== Provided data ==
┌──

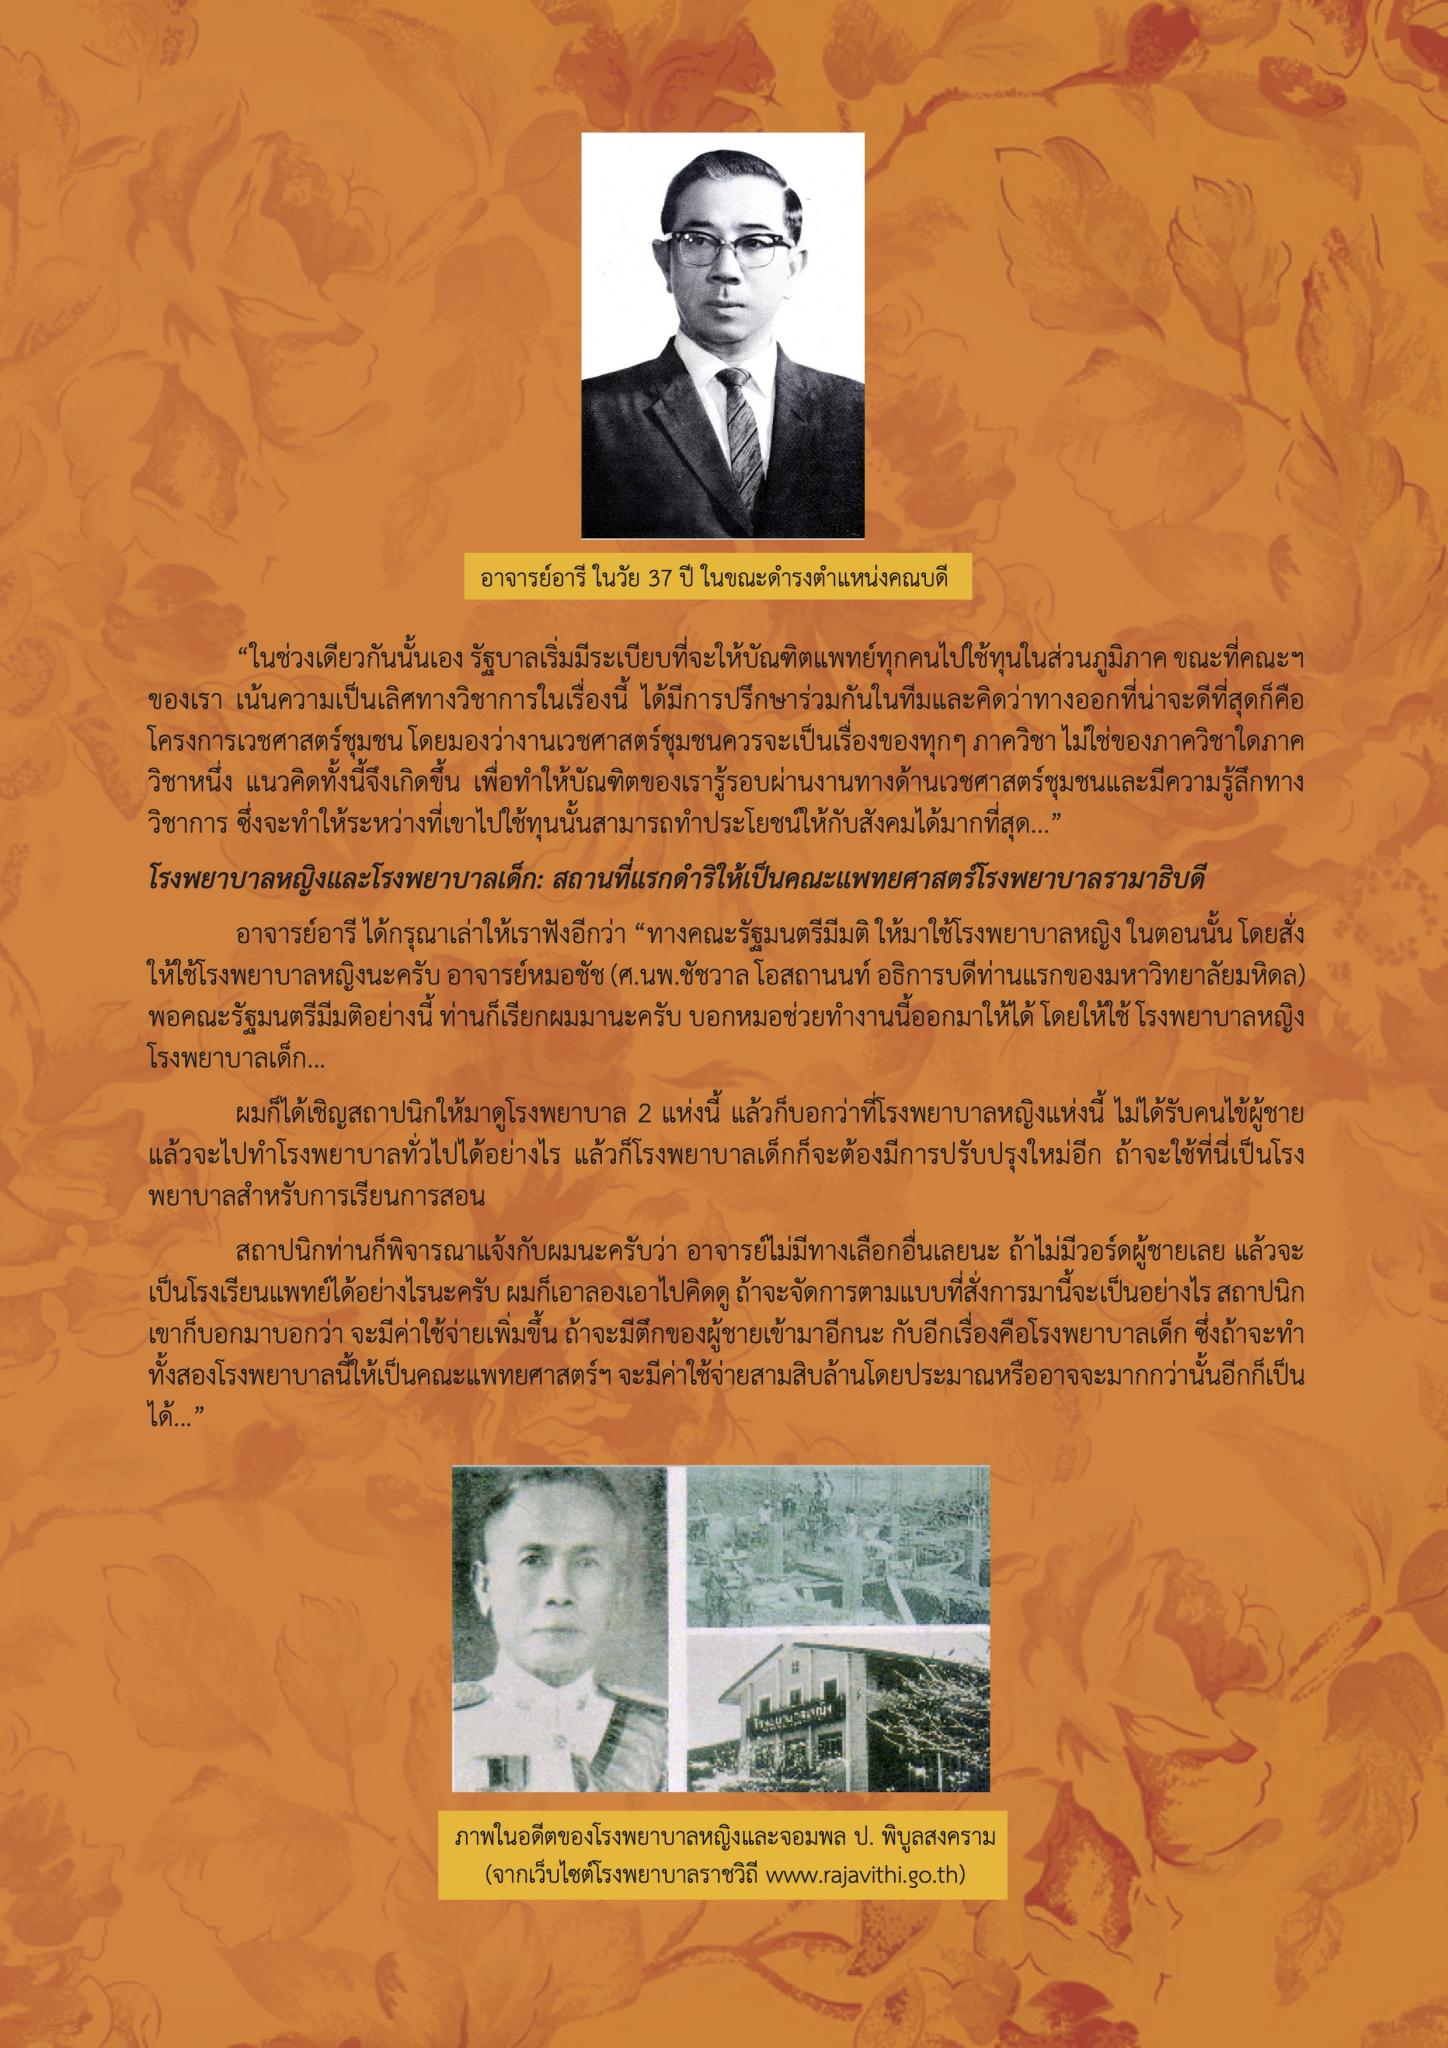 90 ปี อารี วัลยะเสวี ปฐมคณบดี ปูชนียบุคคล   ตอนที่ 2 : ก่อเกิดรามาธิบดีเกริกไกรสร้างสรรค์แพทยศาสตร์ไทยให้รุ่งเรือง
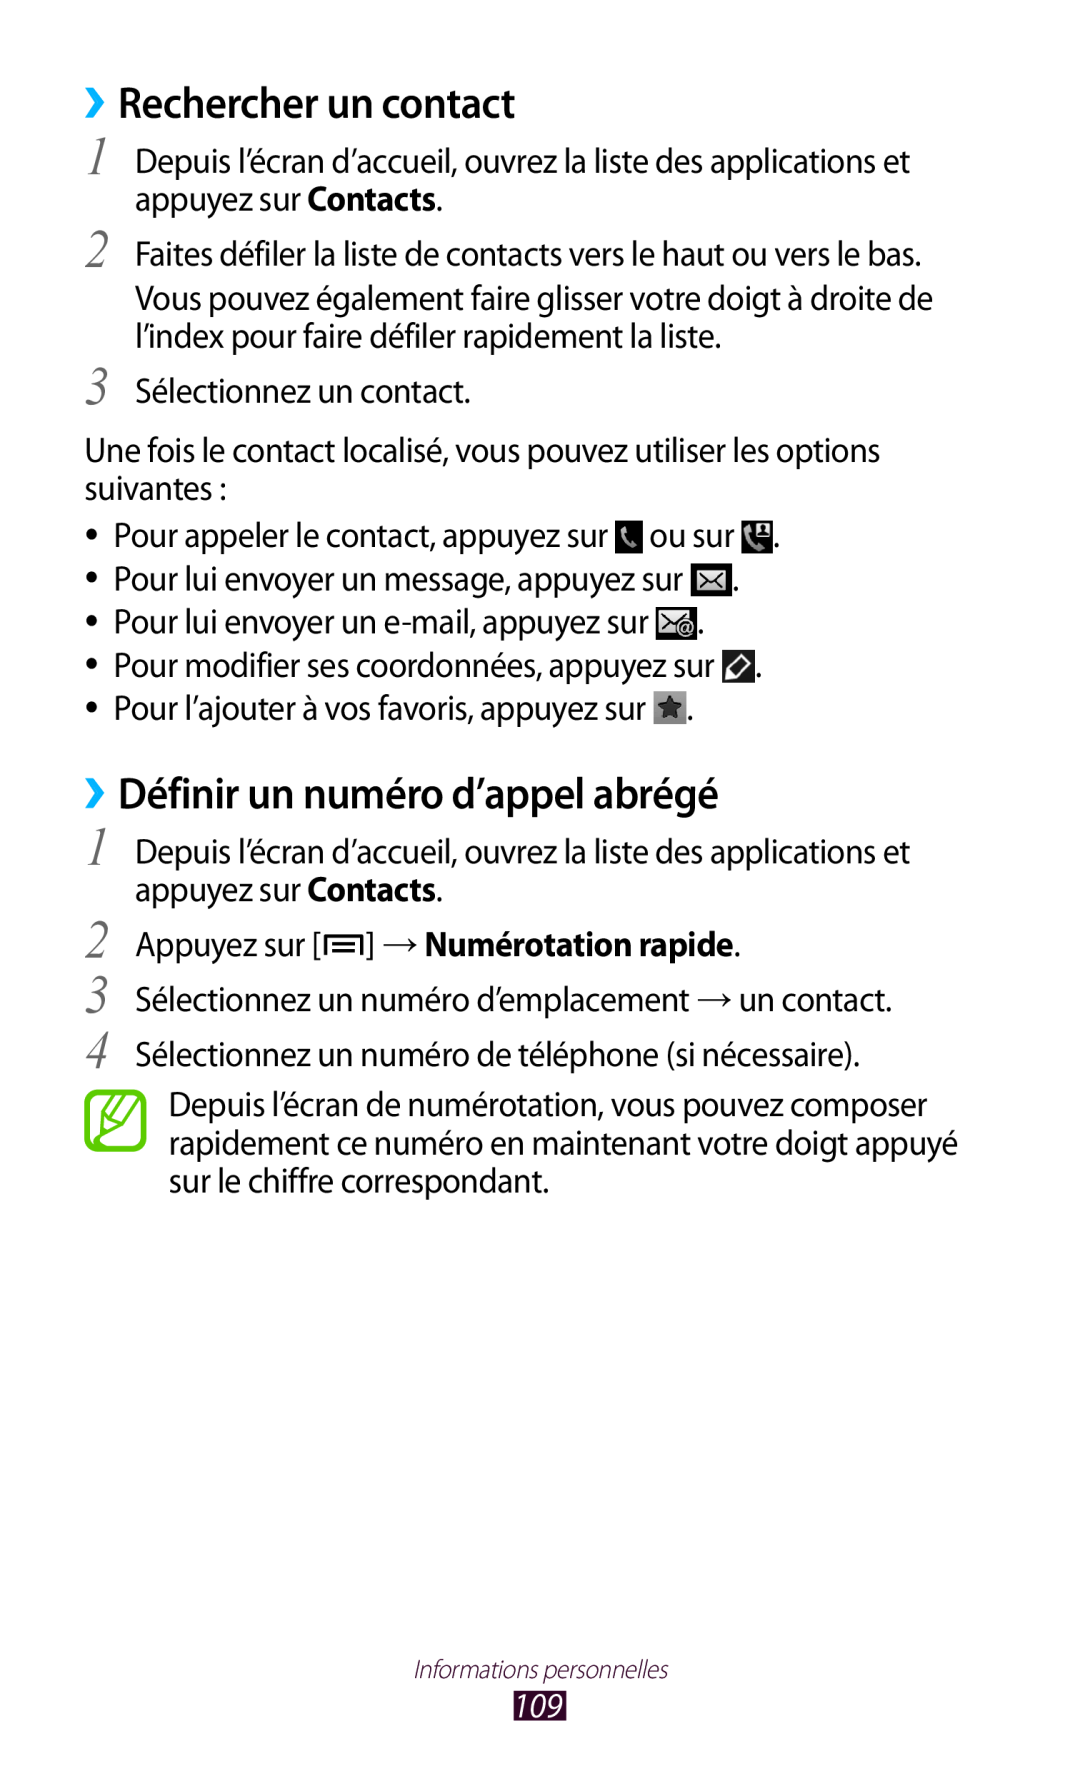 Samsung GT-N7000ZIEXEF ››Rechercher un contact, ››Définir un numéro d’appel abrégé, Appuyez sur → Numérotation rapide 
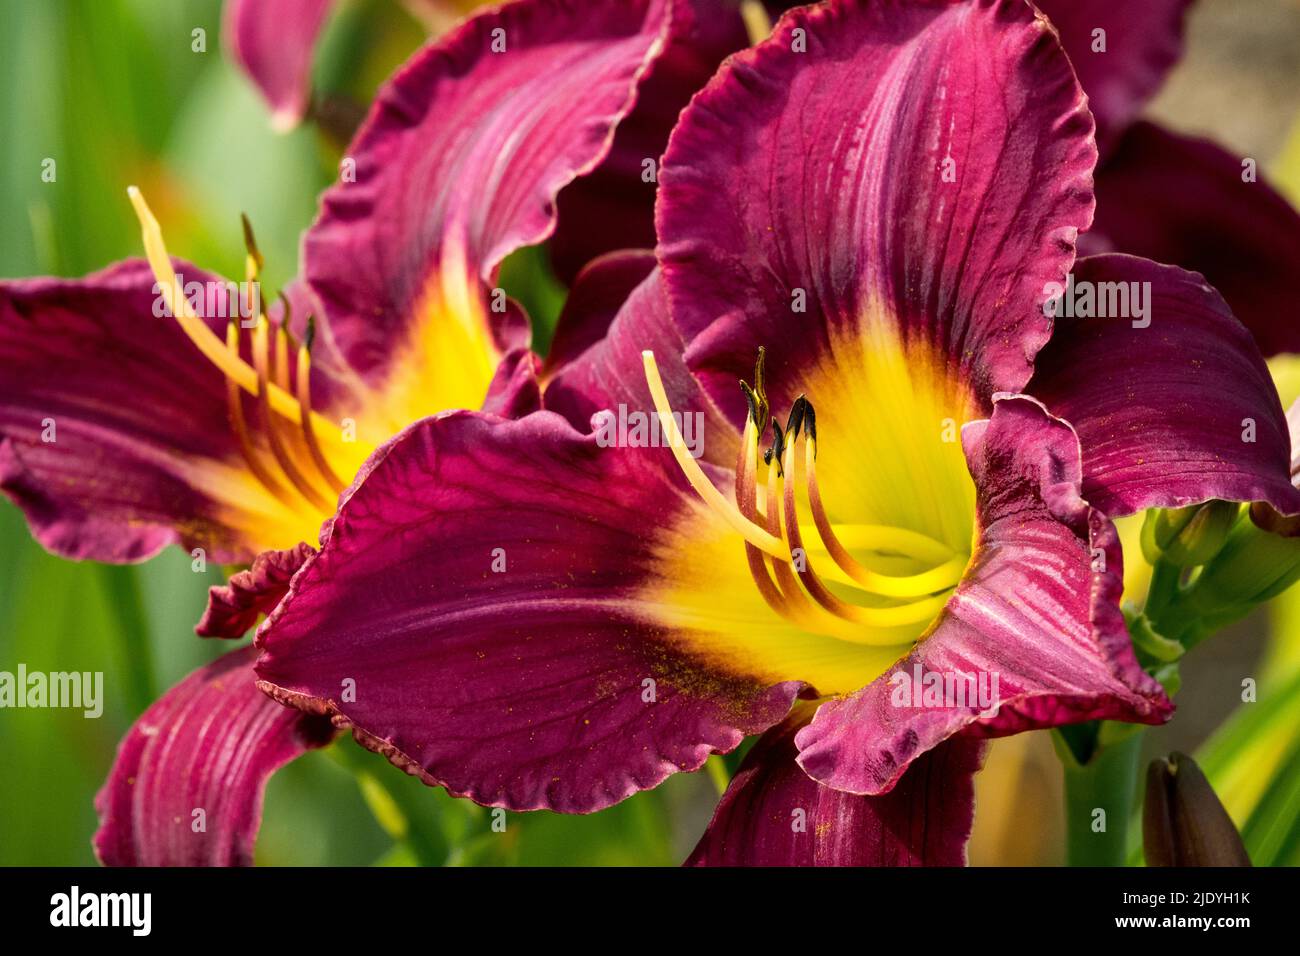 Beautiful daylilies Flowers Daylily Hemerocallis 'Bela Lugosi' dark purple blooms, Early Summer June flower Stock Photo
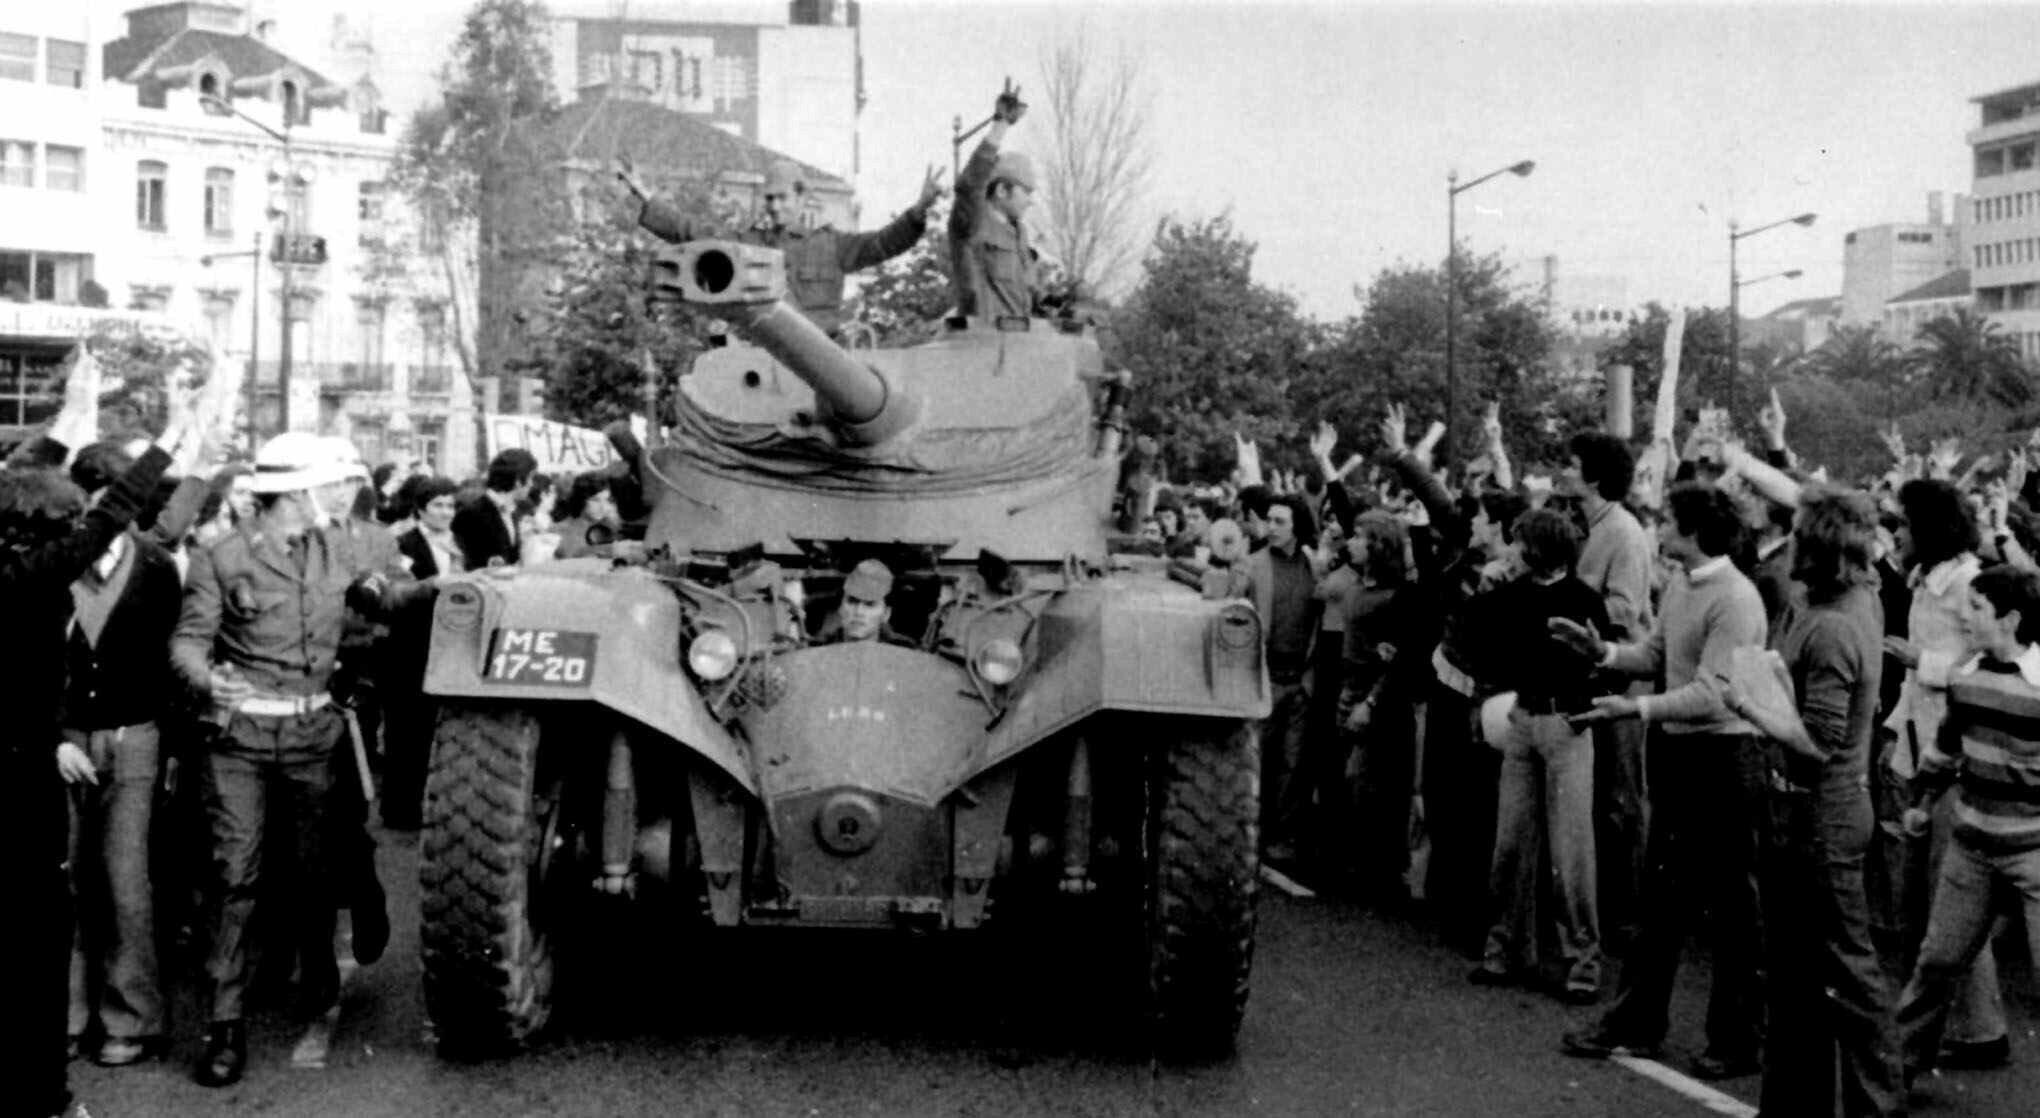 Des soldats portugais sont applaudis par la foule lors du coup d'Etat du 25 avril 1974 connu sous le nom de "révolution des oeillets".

└──

== Task item ==
Restate the data word for word and exclude every picture.

== Task response ==
 90 ปี อารี วัลยะเสวี ปฐมคณบดี ปูชนียบุคคล   ตอนที่ 2 : ก่อเกิดรามาธิบดีเกริกไกรสร้างสรรค์แพทยศาสตร์ไทยให้รุ่งเรือง
 Samsung GT-N7000ZIEXEF ››Rechercher un contact, ››Définir un numéro d’appel abrégé, Appuyez sur → Numérotation rapide 
 Beautiful daylilies Flowers Daylily Hemerocallis 'Bela Lugosi' dark purple blooms, Early Summer June flower Stock Photo
 Des soldats portugais sont applaudis par la foule lors du coup d'Etat du 25 avril 1974 connu sous le nom de "révolution des oeillets".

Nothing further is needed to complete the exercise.